Sciatic nerve transection (SNT) in young mice produced a marked increase in 15-PGDH abundance and activity in the denervated TA and GA muscle at 14 days post-injury 4. Quantification: ~20-fold increase in Hpgd mRNA (from published RNA-seq time-course data, ref 20 in paper) and fourfold increase in protein abundance by Western blot in denervated vs. contralateral control GA muscles. Enzymatic activity increased proportionally. CODEX multiplex proteomics confirmed the protein localization to denervated myofibers (not Schwann cells or endothelial cells). The Hpgd mRNA increase was early and persistent: marked at 3 days post-SNT, reaching ~10-fold at day 14 and ~20-fold at day 90 vs. contralateral controls — distinguishing it from transient atrogene/myostatin expression. A 2.5-fold increase in Hpgd mRNA was also observed in the SMA mouse model (SMNA7), establishing that motor neuron disease drives the same gerozyme induction. This is mechanistically significant: any cause of muscle denervation — acute trauma, surgical nerve damage, progressive motor neuron disease — engages the PGE2-degrading arm that limits regeneration. needs-replication — single-lab finding; independent quantification of 15-PGDH induction magnitude across denervation models is needed.

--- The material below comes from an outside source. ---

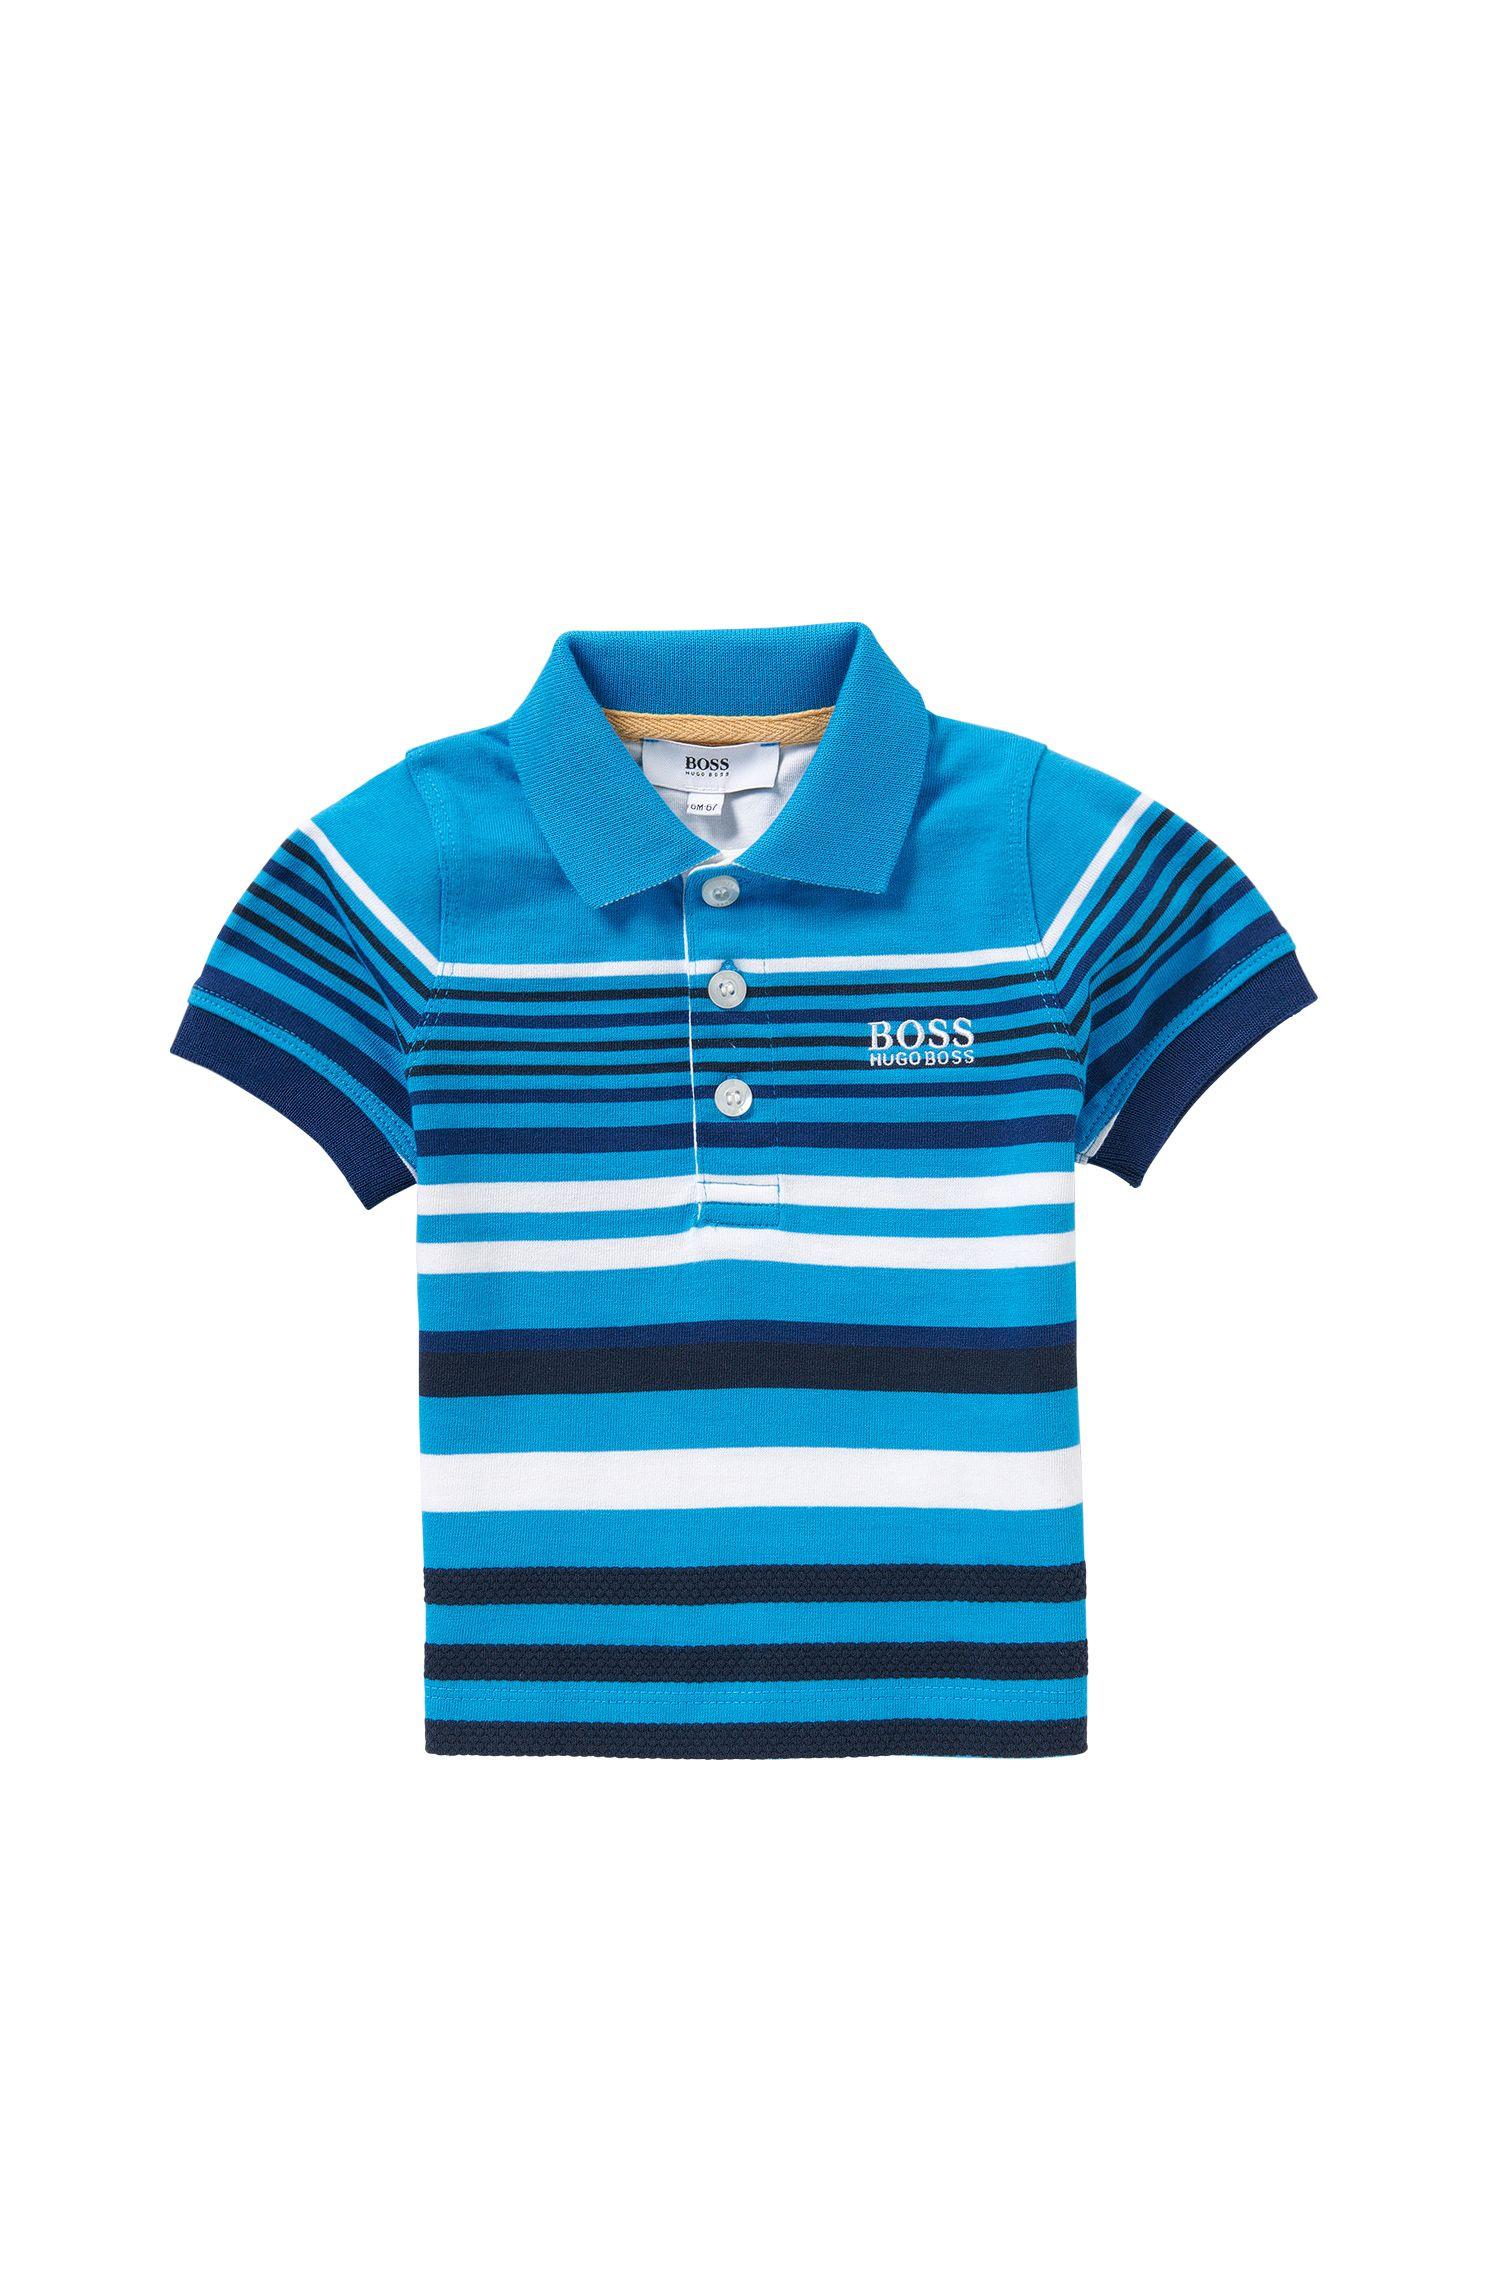 'J05444' | Toddler Stretch Cotton Striped Polo Shirt

2. PGDHi accelerates motor axon regeneration and NMJ formation after acute crush

Following sciatic nerve crush (SNC), SW033291-treated mice showed accelerated regrowth of motor axons and more rapid formation of mature NMJ morphology compared to vehicle controls 4. Key quantitative outcomes at 14 dpi:

  • Force recovery: 37.2 ± 4.9% increase in plantar flexion peak tetanic force in PGDHi-treated vs. vehicle-treated mice (measured by in vivo tibial nerve stimulation). Note: no significant difference between groups at 3 or 7 dpi — the divergence emerged in the regenerative phase (days 7–14).
  • Specific force: 32.2 ± 4.1% increase in PGDHi vs. vehicle (exceeding the 6.1 ± 1.7% increase in muscle mass alone, confirming enhanced innervation rather than hypertrophy as the driver).
  • Motor axon counts: Sciatic nerves of PGDHi mice contained 797 ± 69.3 ChAT+NF+ motor axons vs. 415.2 ± 52.5 in vehicle mice (1.9-fold more); uninjured nerves contained 1045.1 ± 55 motor axons. PGDHi specificity was confirmed: other axon types were unaffected.
  • NMJ innervation: 97.4 ± 2.1% of EDL NMJs innervated in PGDHi mice vs. 84.5 ± 2.2% in vehicle mice at 14 dpi.

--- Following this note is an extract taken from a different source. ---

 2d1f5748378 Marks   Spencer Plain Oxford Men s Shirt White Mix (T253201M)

Not yet replicated in humans. needs-human-replication

3. PGDHi restores motor neuron viability and NMJ morphology in aged mice

In aged mice (24–26 months old) with chronic denervation-type NMJ degradation, SW033291 (5 mg/kg i.p. daily for 1 month) reduced NMJ structural abnormalities and increased motor neuron viability compared to vehicle 4. Key quantitative outcomes:

  • Baseline NMJ pathology in aged vehicle mice: denervation 21.6 ± 2.3%; axonal swelling 19.6 ± 1.4%; postsynaptic AChR fragmentation 28.9 ± 2.8%. PGDHi reduced all three.
  • NMJ morphology: PGDHi restored AChR cluster morphology toward the complex “pretzel” pattern found in young EDL muscles, and reduced endolysosomal BTX+ AChR vesicles at NMJs.
  • Motor neuron viability: Aged mice had 11.6 ± 2.5% cleaved caspase-3+ ChAT+ apoptotic motor neurons in lumbar ventral horn. PGDHi reduced this to 4.2 ± 0.6% (compared to 0% in young mice).
  • CREB phosphorylation (mechanism): After SNC, PGDHi increased nuclear p-CREB in ChAT+ motor neurons to 37 ± 2% vs. 22 ± 3% in vehicle. Direct intramuscular injection of non-degradable dmPGE2 into aged GA muscles elicited p-CREB in 75 ± 4% of lumbar ChAT+ neurons vs. 30 ± 4% in PBS controls — confirming muscle-derived PGE2 acts retrogradely on motor neurons via EP4→cAMP→CREB signaling.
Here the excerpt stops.